Missing Not at Random (MNAR) occurs when the probability of missing data is related to the unobserved (missing) values themselves. In other words, the reason a value is missing is systematically related to the value that should have been observed.
For example, individuals with higher income may be more likely to skip reporting their income. Since the missingness depends on the missing value itself, the mechanism violates the assumptions of both MCAR and MAR.
MNAR is particularly concerning because it can introduce serious bias into your analyses, and most standard imputation methods—such as mean imputation or multiple imputation—may not correct for this bias.
3. What Are the Differences Between MCAR, MAR, and MNAR?

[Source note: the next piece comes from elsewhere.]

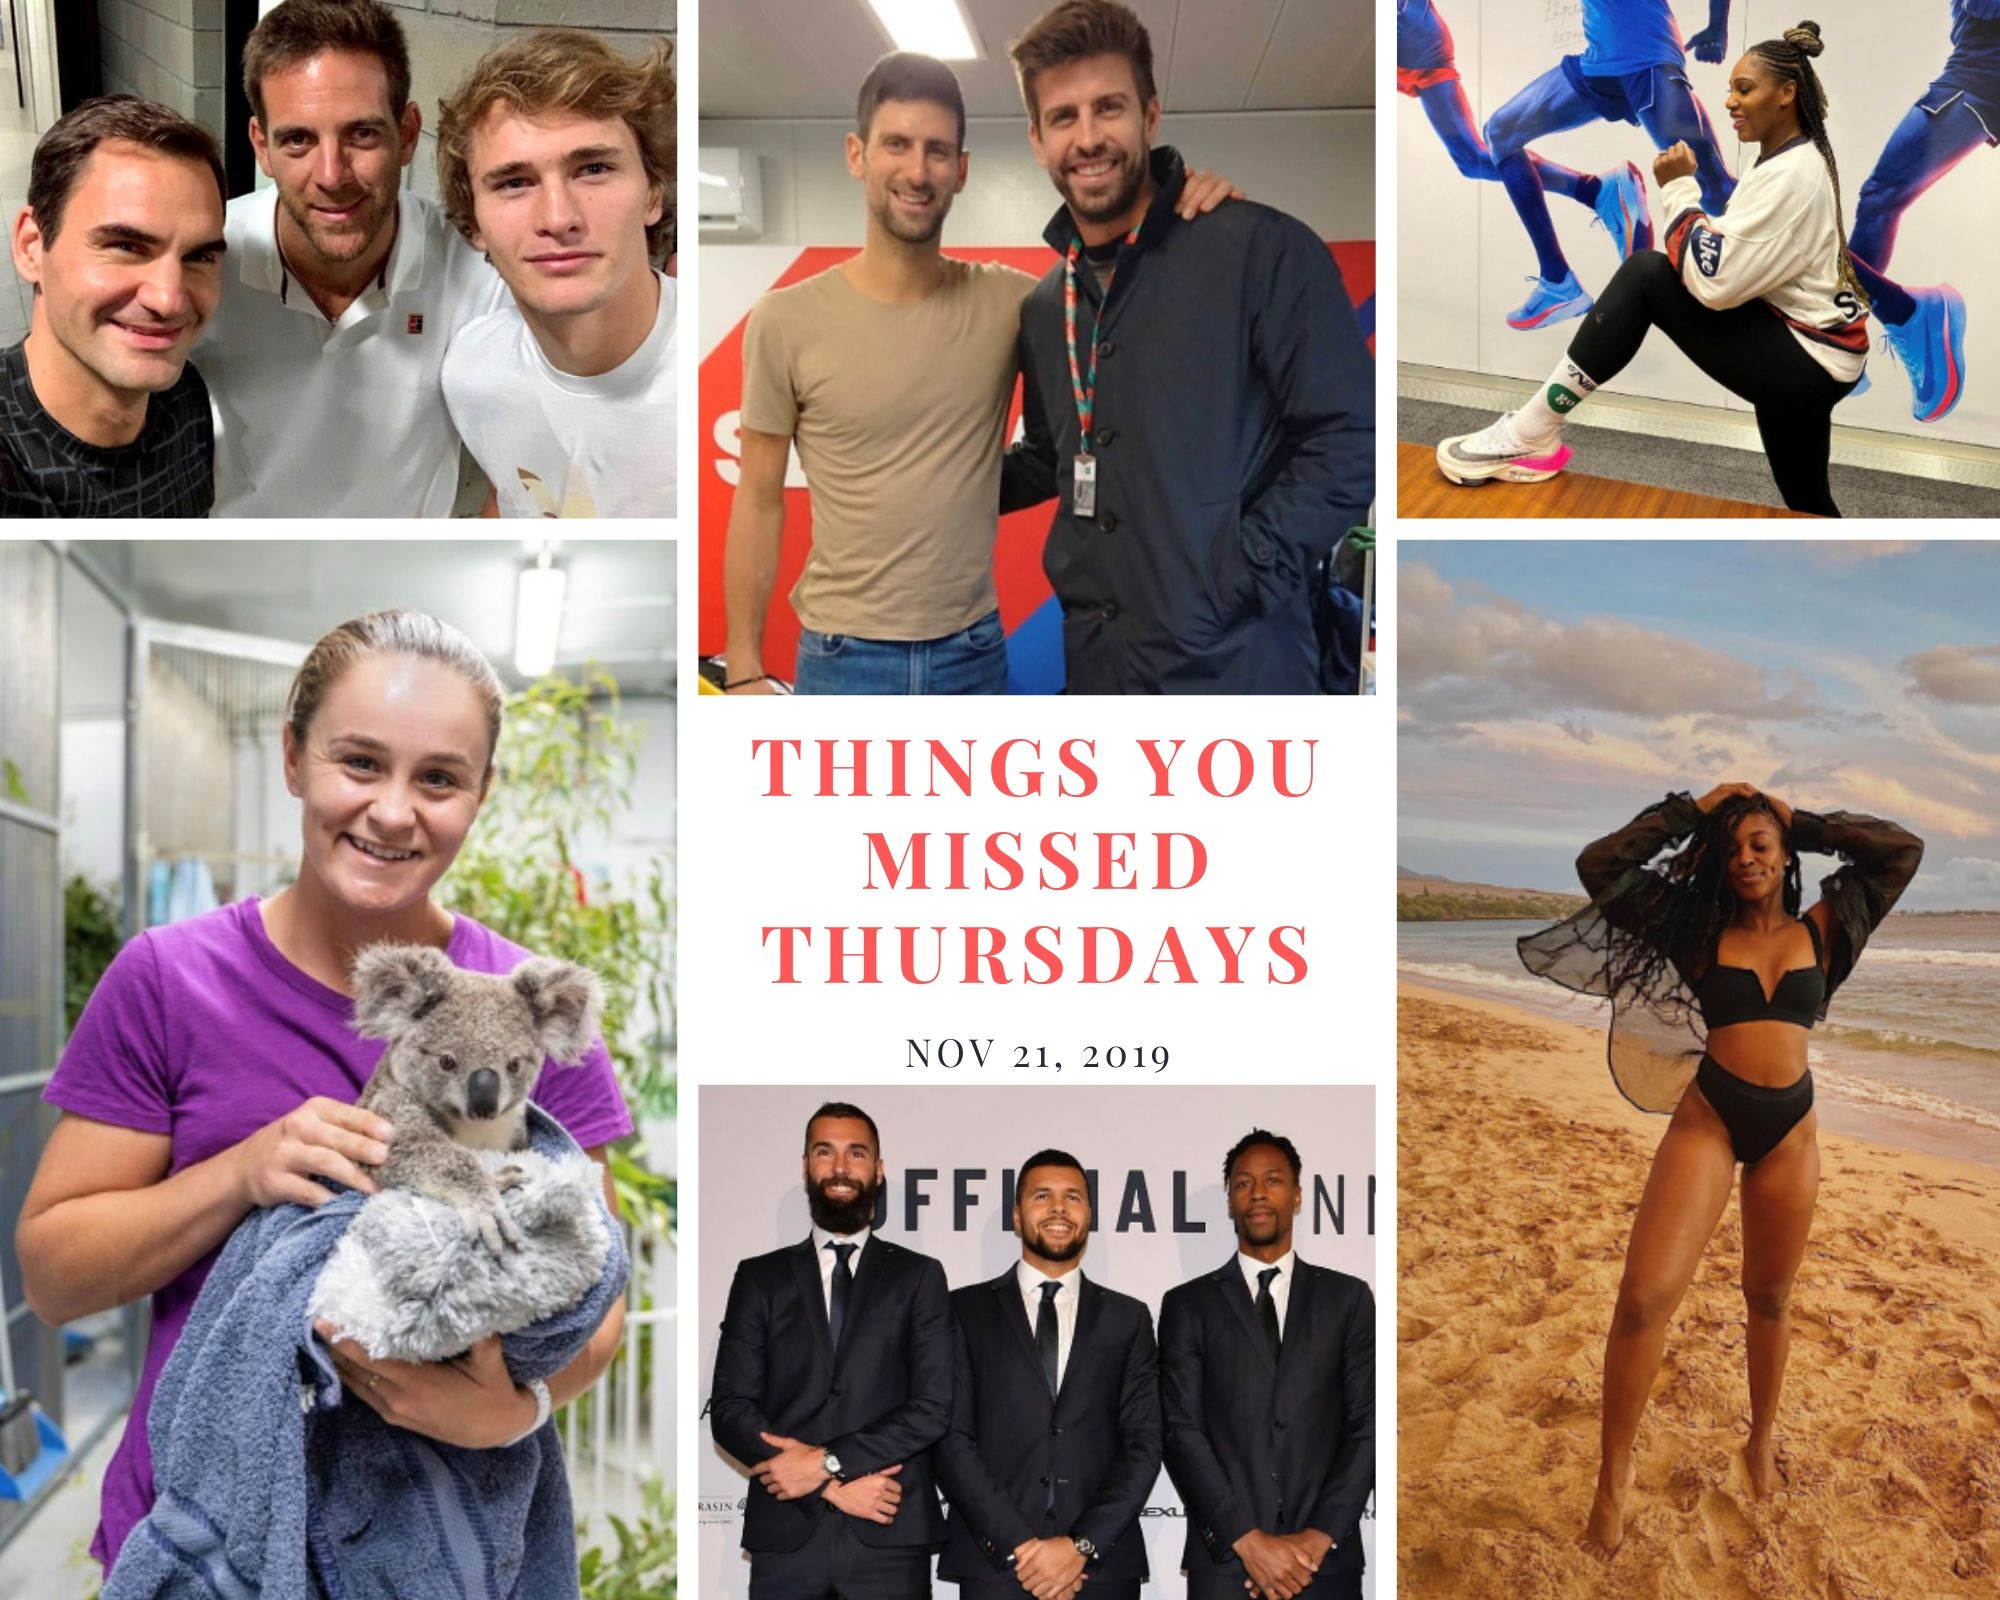 Things You Missed Thursdays – Nov 21
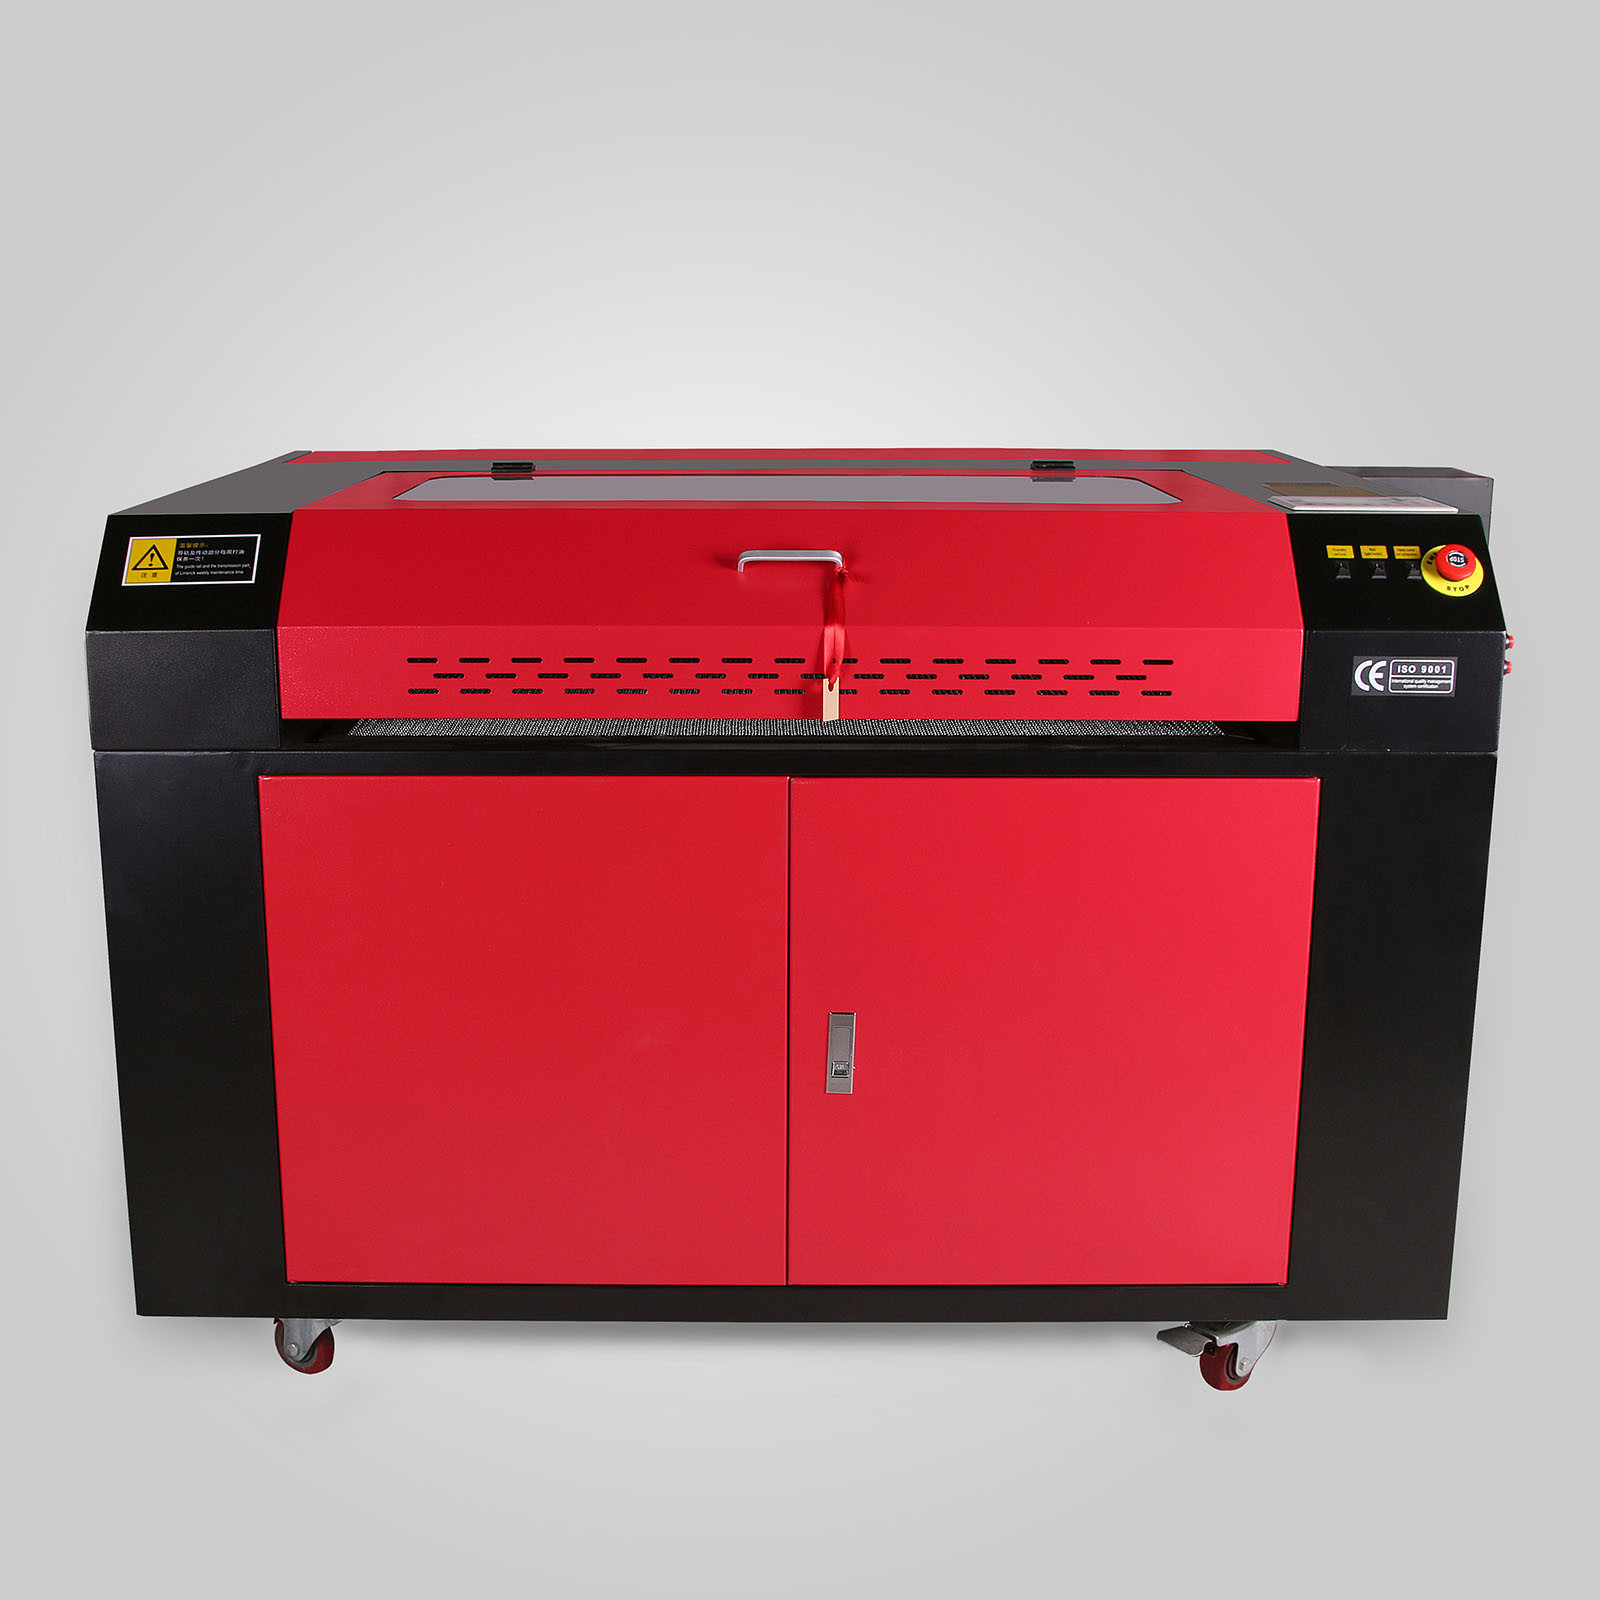 Macchina-per-Incisione-Laser-CO2-40-130W-Asse-Rotante-Tagliatrice-Incisore miniatura 61

Understanding the differences between missing data mechanisms is crucial for choosing the right analysis method:
MCAR (Missing Completely at Random): Missingness is unrelated to any variable. Safe to ignore or delete missing cases.
MAR (Missing at Random): Missingness is related to observed variables but not to the missing values themselves. Requires imputation methods like MICE.
MNAR (Missing Not at Random): Missingness depends on the unobserved value itself (e.g., people with higher incomes are more likely not to report it). Requires modeling the missingness process or sensitivity analysis.
Assumption | Missingness Depends On | Can Be Tested in SPSS? | Suitable Techniques |
---|---|---|---|
MCAR | Nothing (completely random) | Yes (Little’s MCAR test) | Listwise deletion, EM |
MAR | Other observed variables | Indirectly (via t-tests, chi-square) | MICE, multiple imputation |
MNAR | The variable’s own (missing) value | No (not directly testable) | Sensitivity analysis, data modeling |
In practice, distinguishing between MAR and MNAR can be very difficult, and researchers often assume MAR due to the feasibility of analysis.
4. Why Is MNAR Important in Data Imputation?
If your data are MNAR, standard imputation techniques may lead to biased estimates because they assume that missingness can be predicted from other observed data. When this assumption is violated, imputing values without modeling the missingness process leads to unreliable inferences.
Recognizing the presence of MNAR guides researchers toward using advanced strategies such as:
Model-based approaches (e.g., selection models or pattern-mixture models)
Sensitivity analyses
Collecting auxiliary data or follow-up information
Although SPSS does not directly support these advanced models, analysts can use exploratory techniques to consider whether MNAR may be present.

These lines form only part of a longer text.